(Data for analysis begins)

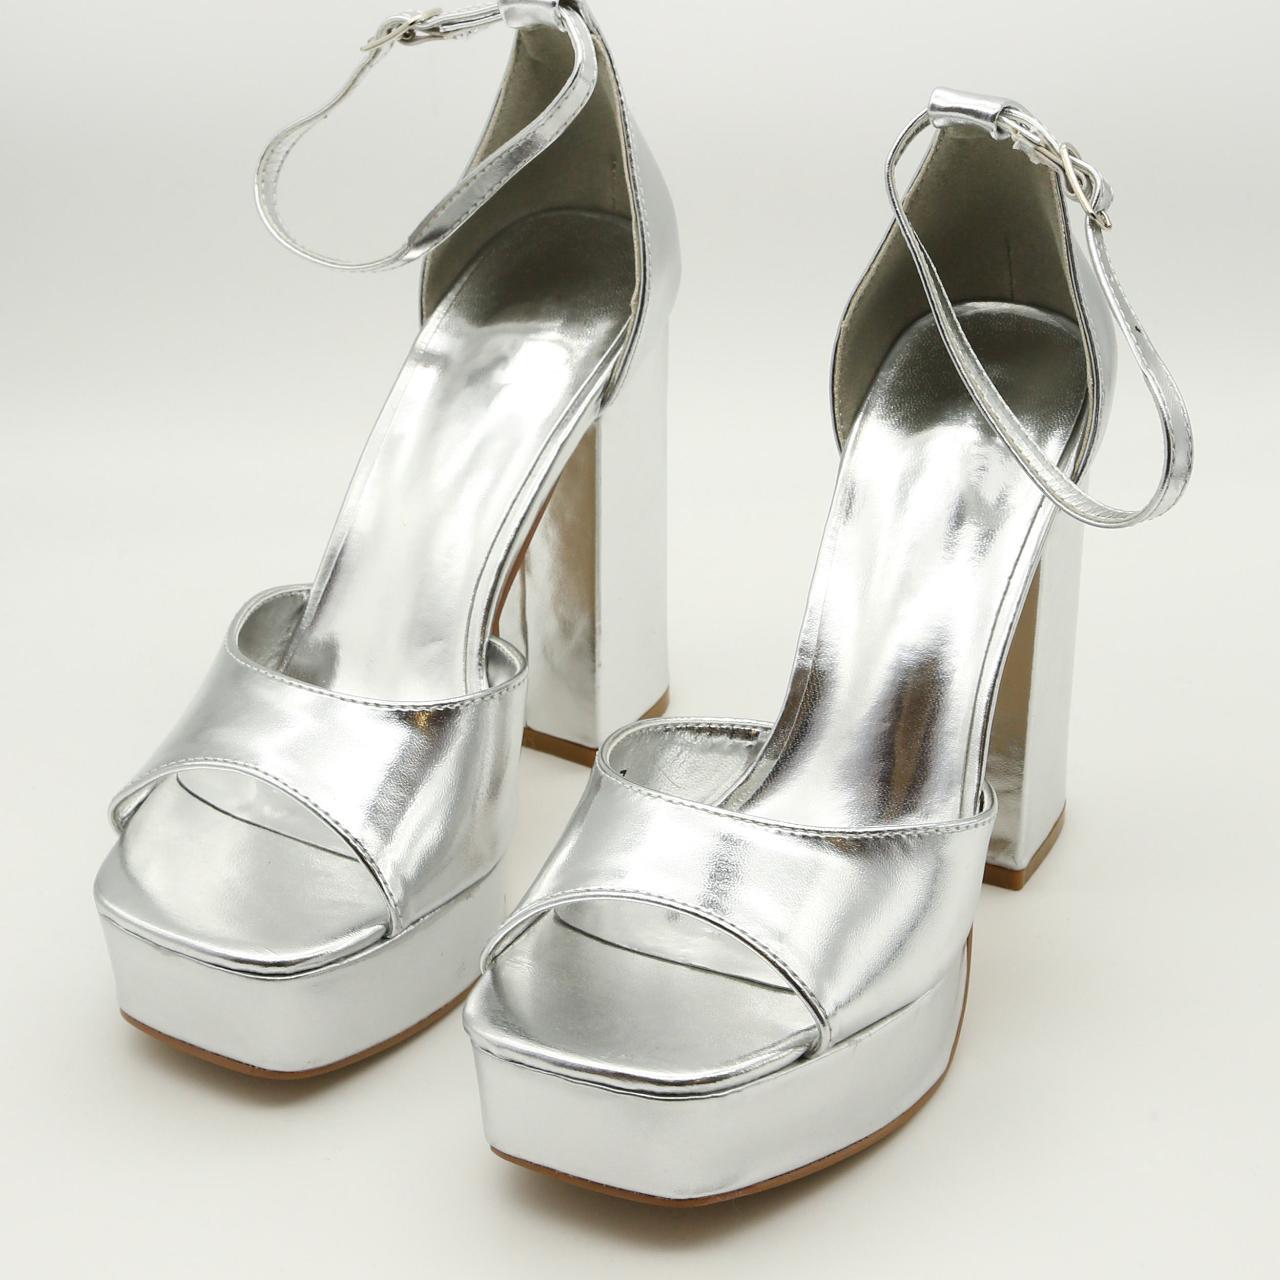 Women's Silver Metallic Platform Heel Sandals Size 2... - Depop
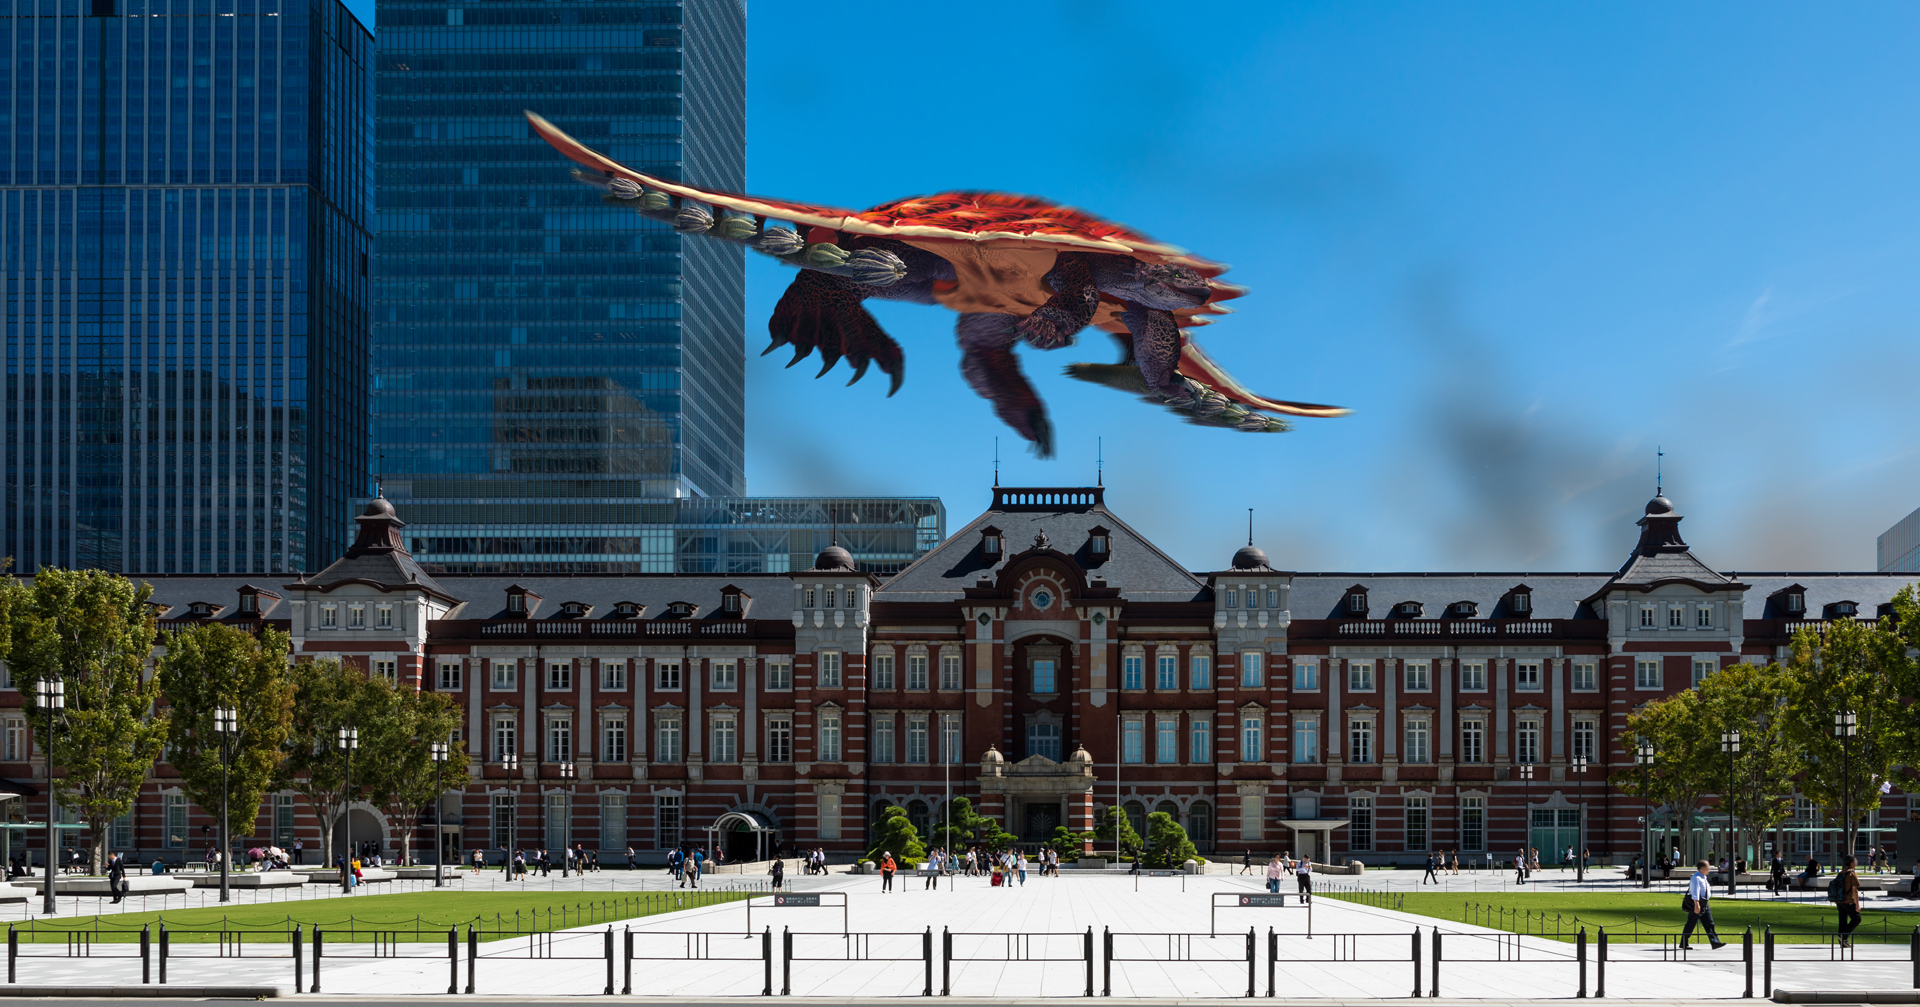 「No.06 飛行亀型怪獣」のシーン画像
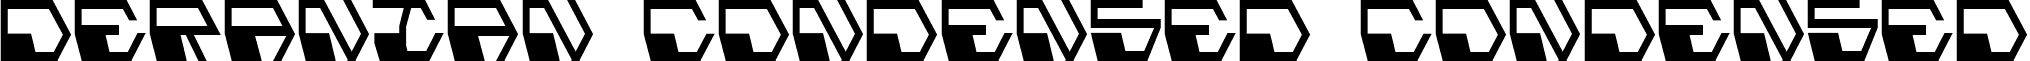 Deranian Condensed Condensed font - Deranian Condensed Condensed.ttf
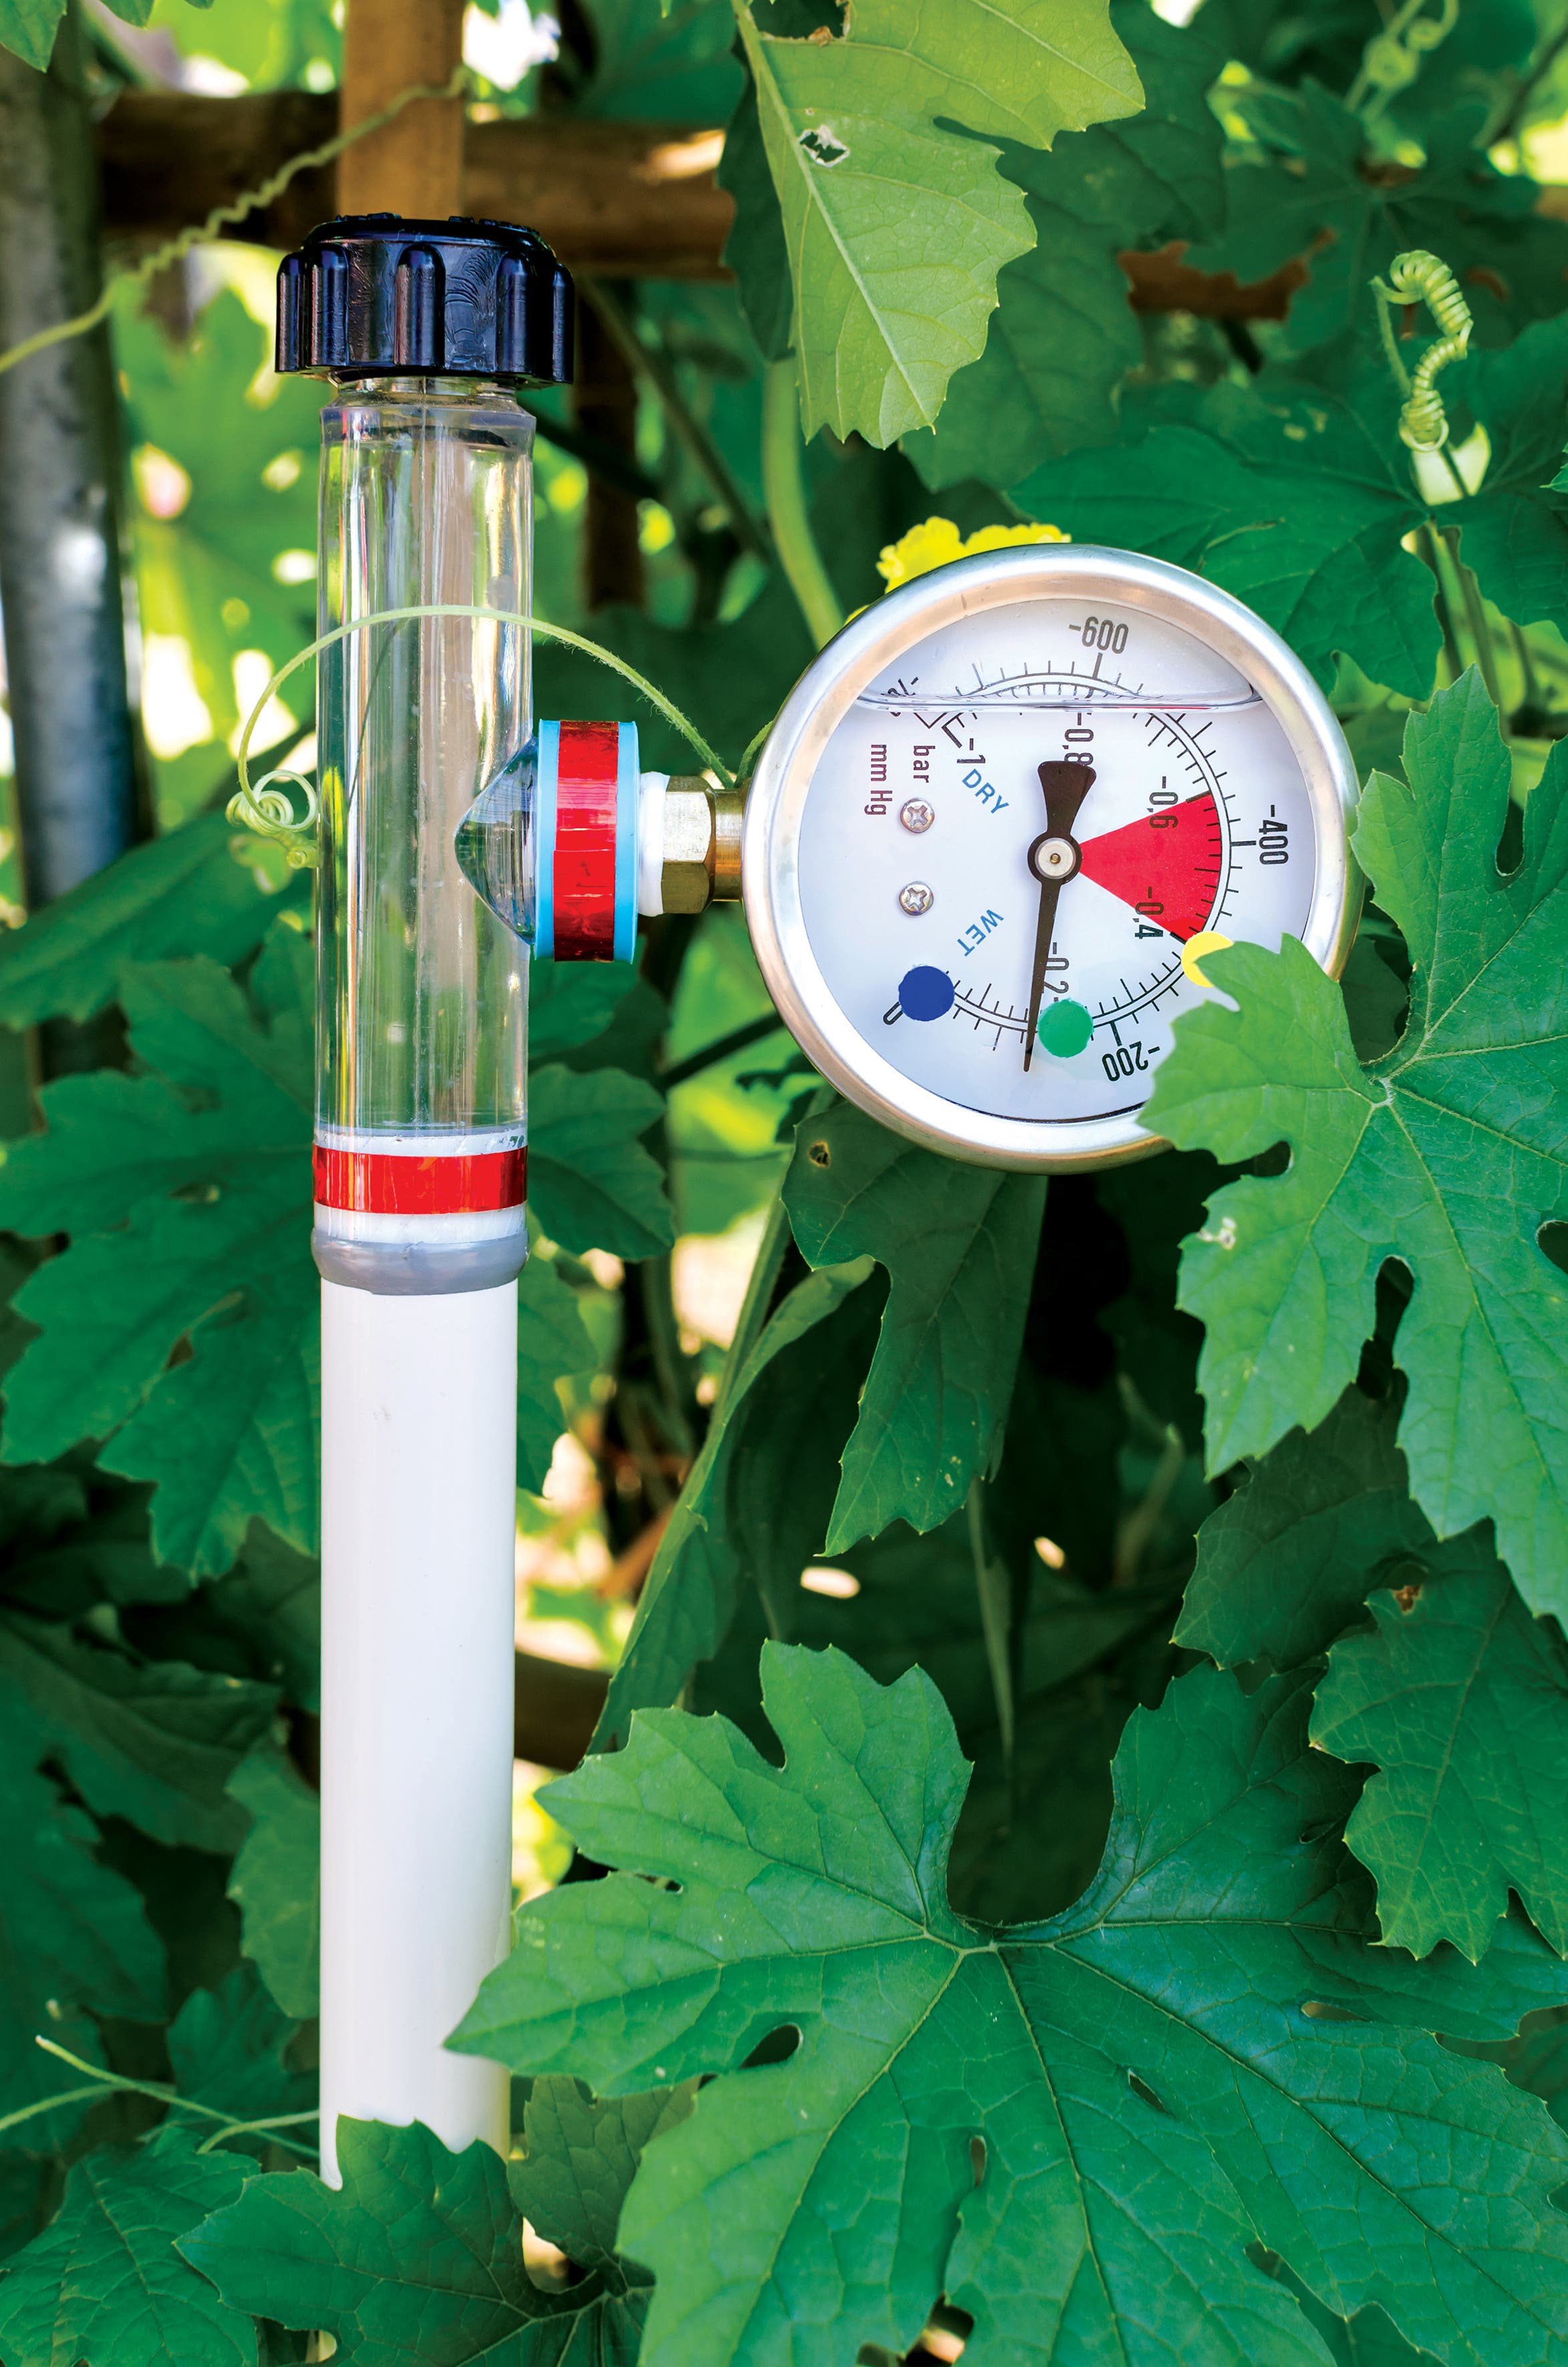 جهاز لقياس رطوبة التربة يعمل بالطاقة الشمسية.
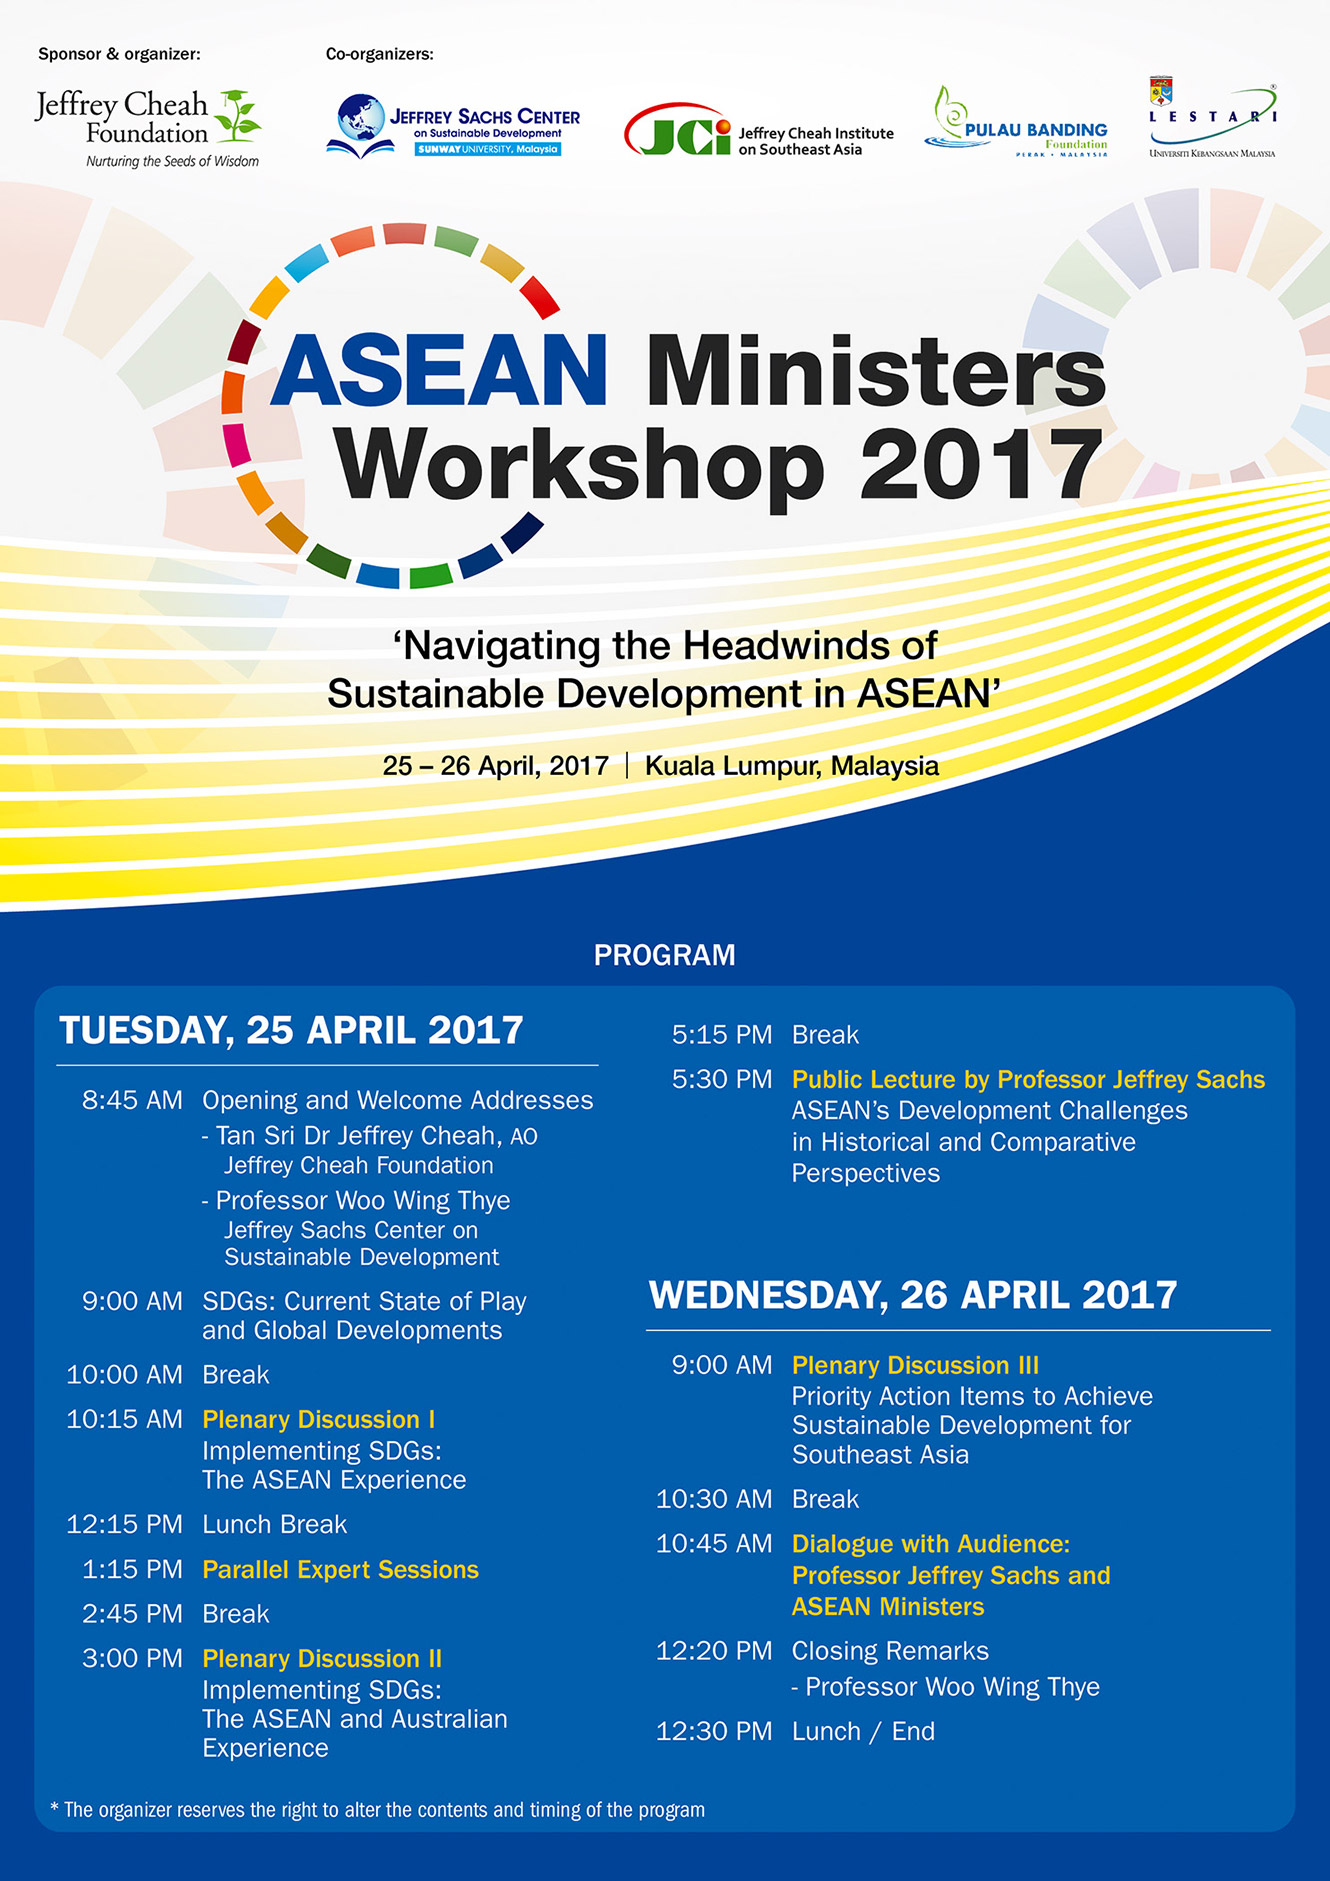 ASEAN Ministers Workshop 2017

(Data for analysis ends)

## What is needed:
Transcribe the lines above exactly, setting aside any picture among them.

## Result for this exercise:
 Women's Silver Metallic Platform Heel Sandals Size 2... - Depop
 「No.06 飛行亀型怪獣」のシーン画像
 Deranian Condensed Condensed font - Deranian Condensed Condensed.ttf
 جهاز لقياس رطوبة التربة يعمل بالطاقة الشمسية.
 ASEAN Ministers Workshop 2017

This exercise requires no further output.